I gaze up at him, tipsy. “Mari’s in labor.”

“Shit. That’s early.”

The way he says it hits me like a wrong note.

“Only a few days,” I respond. “I’m a little sad I couldn’t be there.”

“You could’ve gone.”

My mouth falls open.

Someone comes down the hall to use the bathroom, and I step through an open door into what looks like a guest room.

Clay follows, half shutting it behind us.

“I needed to be here for you,” I say quietly enough my voice doesn’t travel into the hall.

His frown says I’m being difficult. “I’m a grown man, Nova. You don’t need to babysit me.”

“It’s not babysitting, it’s choosing where we’re going to live.”

“Maybe I won’t sign anywhere.”

My throat closes, frustration battling with helplessness.

I used to tolerate feeling like the world called all the shots. There are times, like with the trade to LA, when you have to roll with it. But this feels different.

The curtains in the bedroom are drawn to keep it from overheating in the sun. It lends to the impression that this conversation is secret.

“You won’t open up about what’s going on with you, for months now,” I say, breaking the silence. “I know you got hurt, but you’ve been injured before. This is different.”

Clay rubs both hands through his hair. “I didn’t make you come to LA.”

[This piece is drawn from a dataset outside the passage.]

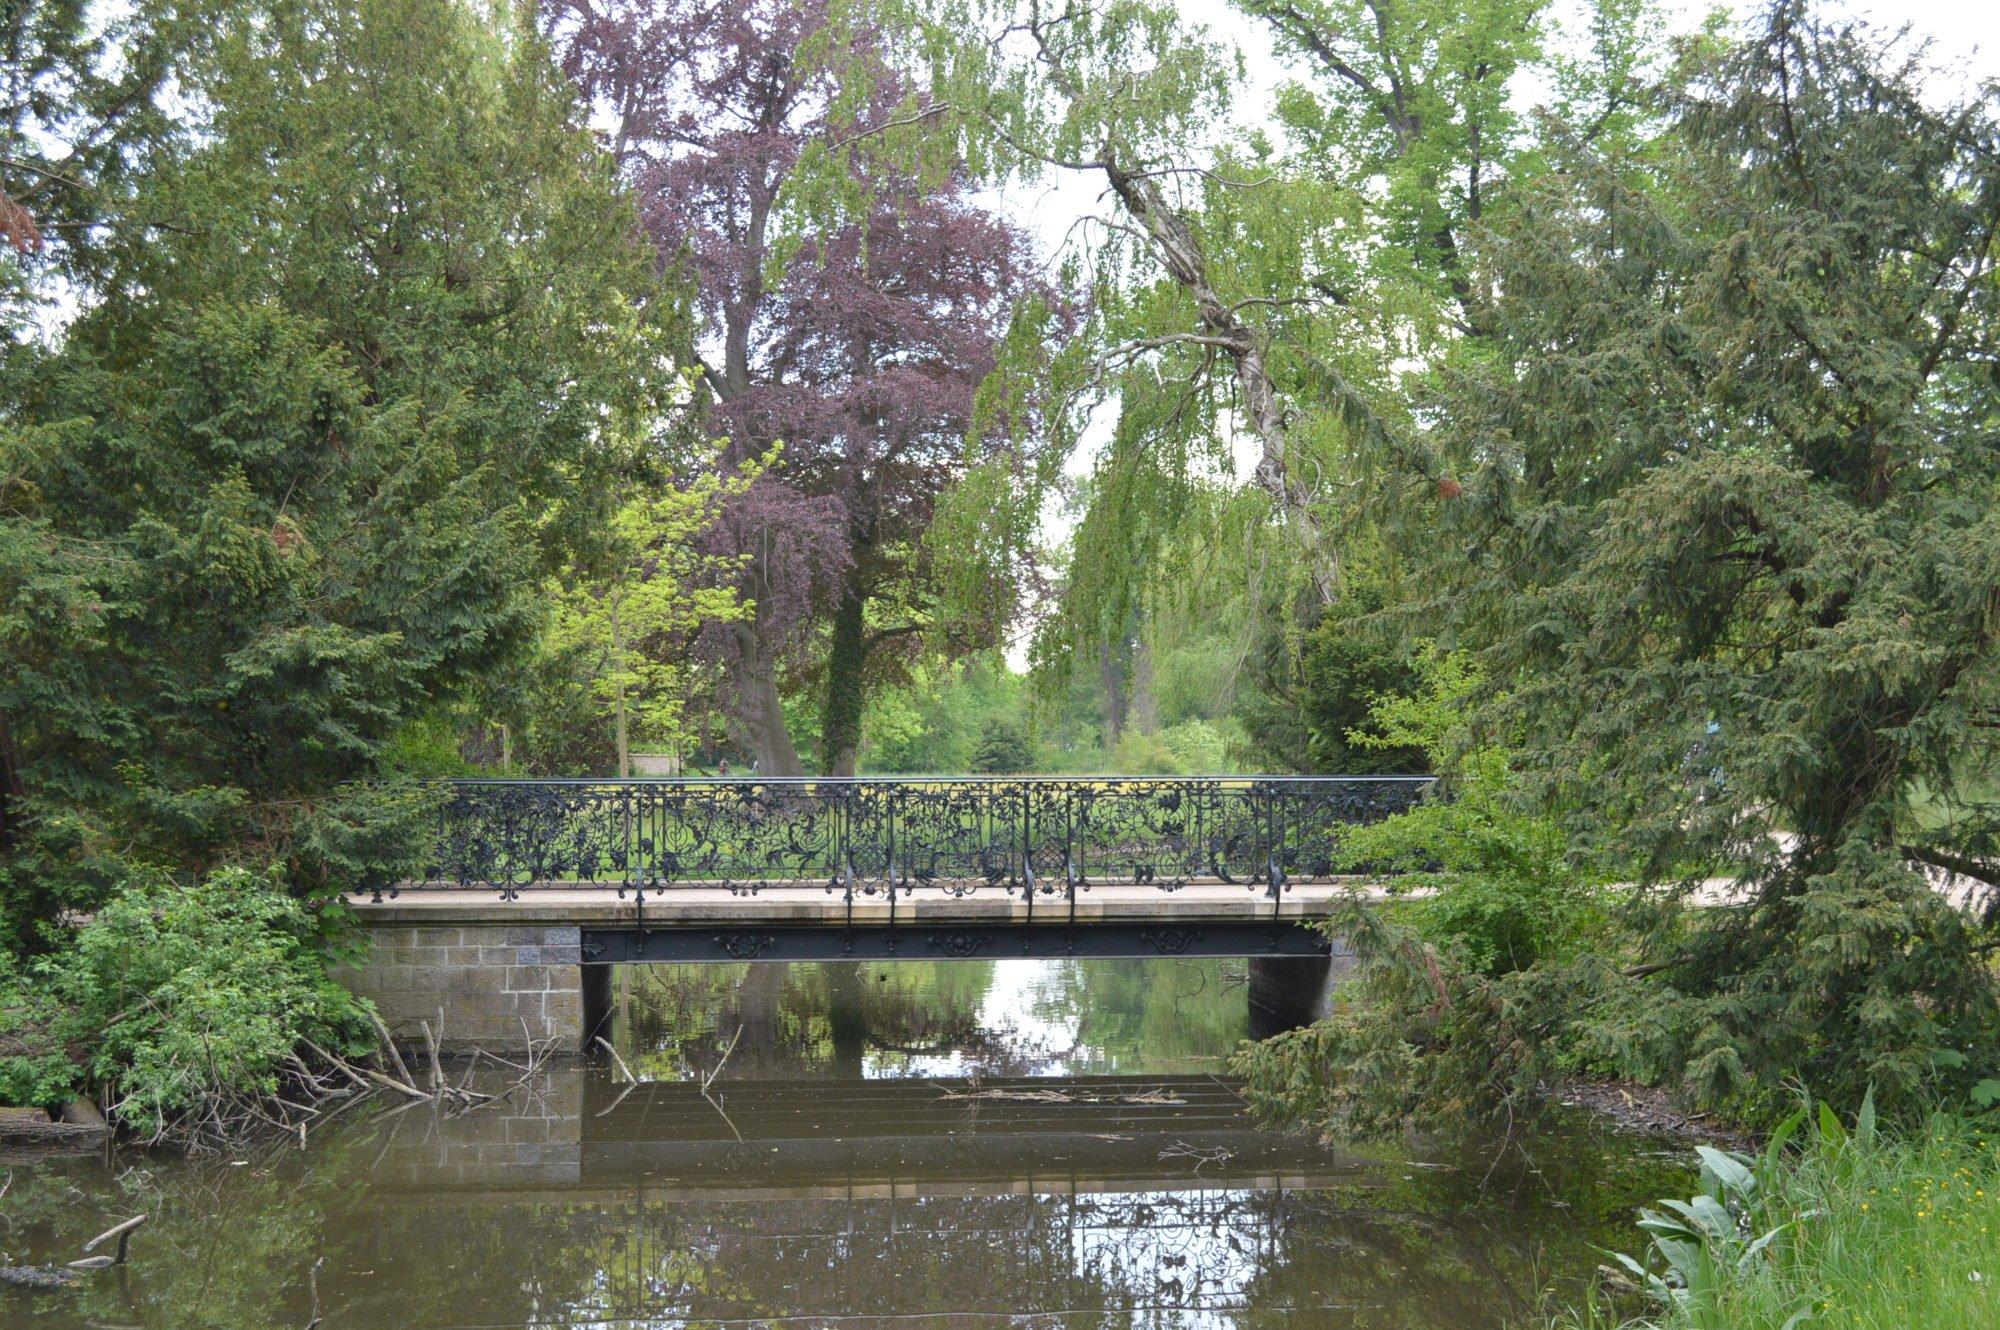 Eine Brücke über ein ruhiges Gewässer. Blühende Bäume und alles reflektiert auf der Wasseroberfläche.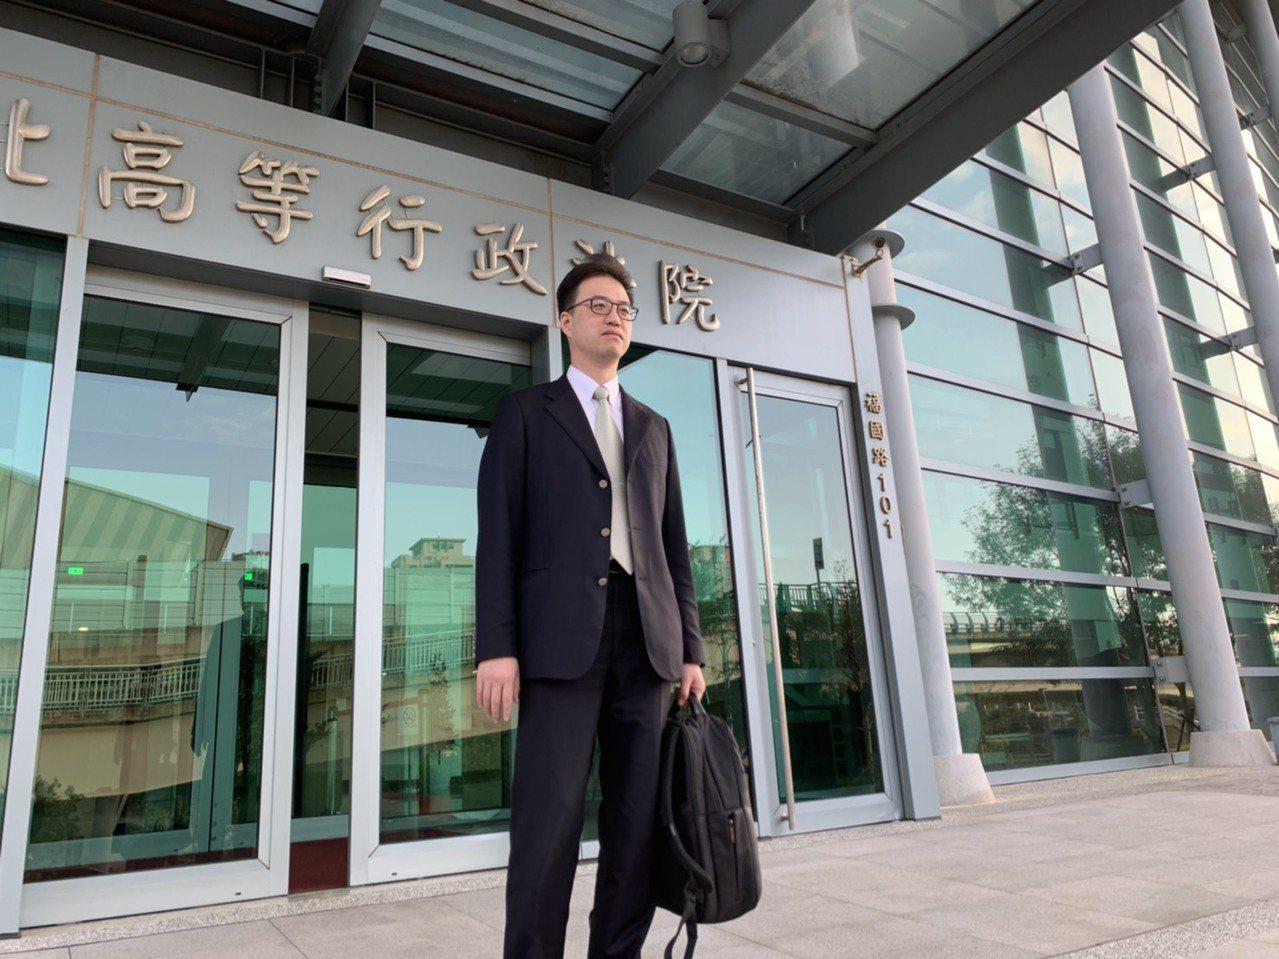 國民黨委任律師張少騰今到庭聽判。記者賴佩璇/攝影

“I know. I thought we could be happy here,” I whisper as I reach for his wrists. “You got everything you said you wanted. The team. The win. The legacy. There’s a ring with your name on it they’re going to hand you at the first home game of the season. If you know what will make you happy, tell me. Let me in.”

He pulls away, pacing the floor beyond me. Still close, but out of reach.

“I don’t need help. I need the right offer.”

He’s mentioned that there are a few potential offers and the teams but not the details. This is the first time he’s been under contract negotiations since we’ve been together, and I guess I thought I’d be a bigger part of that.

“What does Dee think?” I ask.

“She just wants to get paid.”

Clay rubs a hand through his hair, his gaze going anywhere but me. It’s a habit lately, and I hate it. But when his attention returns to my face, I almost wish it hadn’t.

“The problem isn’t that I’m not happy—it’s that you are,” he says. “You like it here. You can do your art, make your friends, and it doesn’t fit with the shit going on in my head. You’re bright and rainbows, and I’m a storm, and you’re trying to make me something I’m not.”

It feels as if he’s slapped me. The truth of it hits me hard enough I take a step back.

When my phone buzzes, I pick it up to silence it, but the image on the screen accompanying the text makes my mouth fall open.

There’s a photo of a tiny pink baby clasped in my tired, smiling sister’s arms.